Using the excuse of the limited market, publishers regularly stifle the voices of people of color, stating that their work is just not marketable and therefore, not publishable. According to Saray McCarry, “the industry has already decided [what] is ‘marketable’–heterosexual narratives featuring white characters.”
There is this false concern that if we prioritize diverse works, we compromise quality. So apparently, there is no place for the stories of people of color (as well as LGBT and the differently abled) in the “market.”
By devaluing minority voices, the publishing industry creates a need for minority writers to find different avenues to publish their work, pushing them towards niche publishing houses, that aren’t often esteemed in the industry, or self publishing through spaces such as Amazon. Unfortunately, while this helps get minority work out there, it hinders their chances of breaking into the “mainstream” of the publishing industry.

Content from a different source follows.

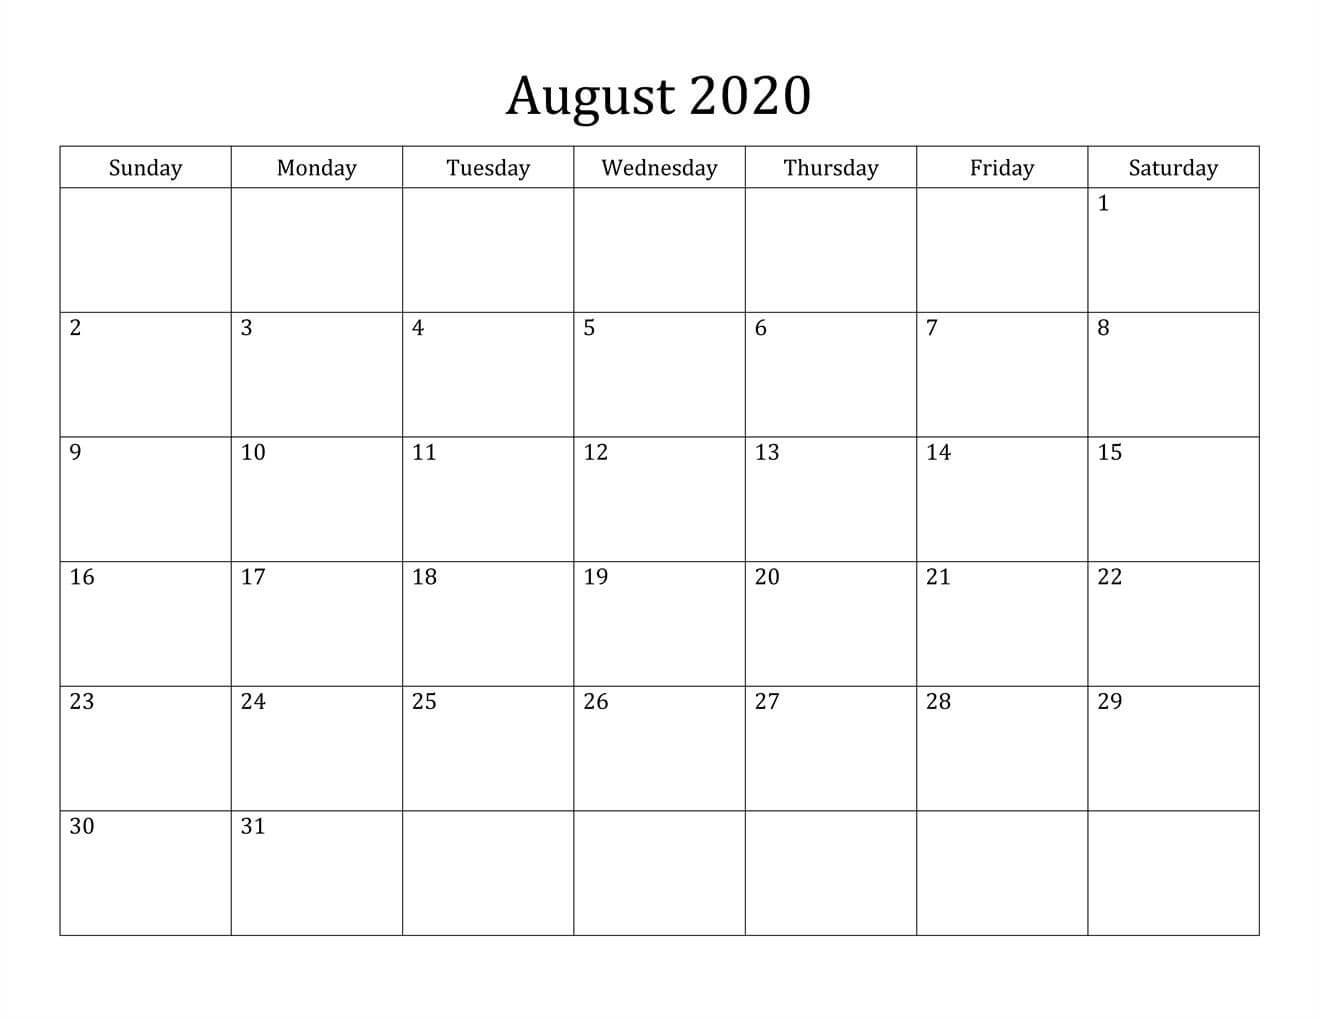 August 2020 Calendar PDF download
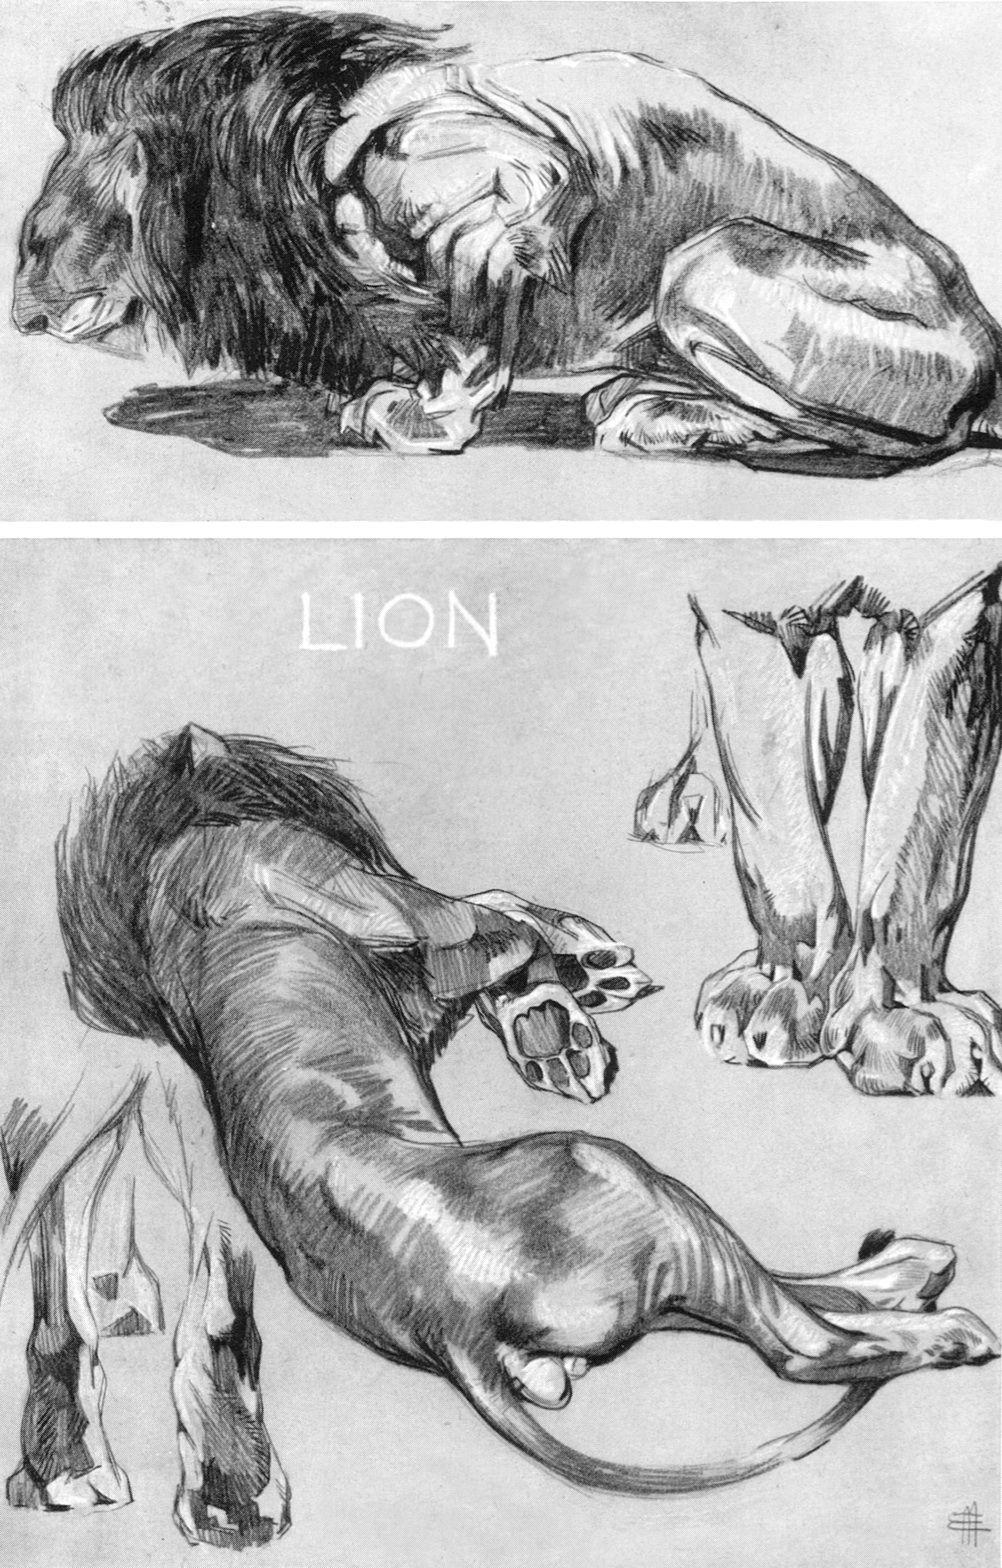 Deja View Mathurin Mheut Art Pinterest Animal Lions And Draw

It’s a vicious cycle that needs to be stopped.
The number one question now is, how do we change this? The answer is two-fold: (1) Editors must seek out minority voices, placing equal value on their works, to that of white male works. Editors must also seek out more diverse employees, actively pursuing minorities to fill open positions. (2) Readers need to read outside of their perspective, learning to value experiences not their own and thereby creating a demand for diverse works.
Arkana’s mission is to seek out marginalized voices, and incorporate diverse works into every issue we produce. So where should our readers start?
Aside from reading each issue and overwhelming submittable with minority voices, my class has come up with a short list of diverse books to introduce you to reading outside of your experience:
- Danez Smith, Don’t Call Us Dead. Danez is a black, gay, POZ poet who prefers the pronouns they/them and writes about the experiences of black boys. Danex also writes about their struggle with their sexuality and POZ diagnosis.
- Kalia Kao Yang, The Song Poet: A Memoir of My Father. Born in a Thai refugee camp in 1980, Kao Kalia Yang and family immigrated to Minnesota when she was six, driven from Laos by America’s Secret War. Her book focuses on her fathers role as a Hmong song poet who is responsible for recounting the history of their people.
- Lina María Ferreira Cabeza-Vanegas, Don’t Come Back (21st Century Essays). An essayist raised (mostly) in Bogota, Colombia, her work focuses on growing up amidst violence and local myths, in an exploration of identity.
- Mark Haddon, The Curious Incident of the Dog in the Night-Time. An English novelist, he is most famous for this novel about an autistic boy who sets out to solve the murder of his neighbor’s dog.
- Gabrielle Calvocoressi, Apocalyptic Swing. An American, lesbian poet who explores the tension between the ideas of the small town, gender, sexuality, violence and the body in her work.
- Thomas Page McBee, Man Alive: A True Story of Violence, Forgiveness and Becoming a Man. The first Transgender man to box in Madison Square Gardens, McBee writes about his experience transitioning and the idea of “manhood” and “violence.”
As for me, I’m still searching for my place to fit.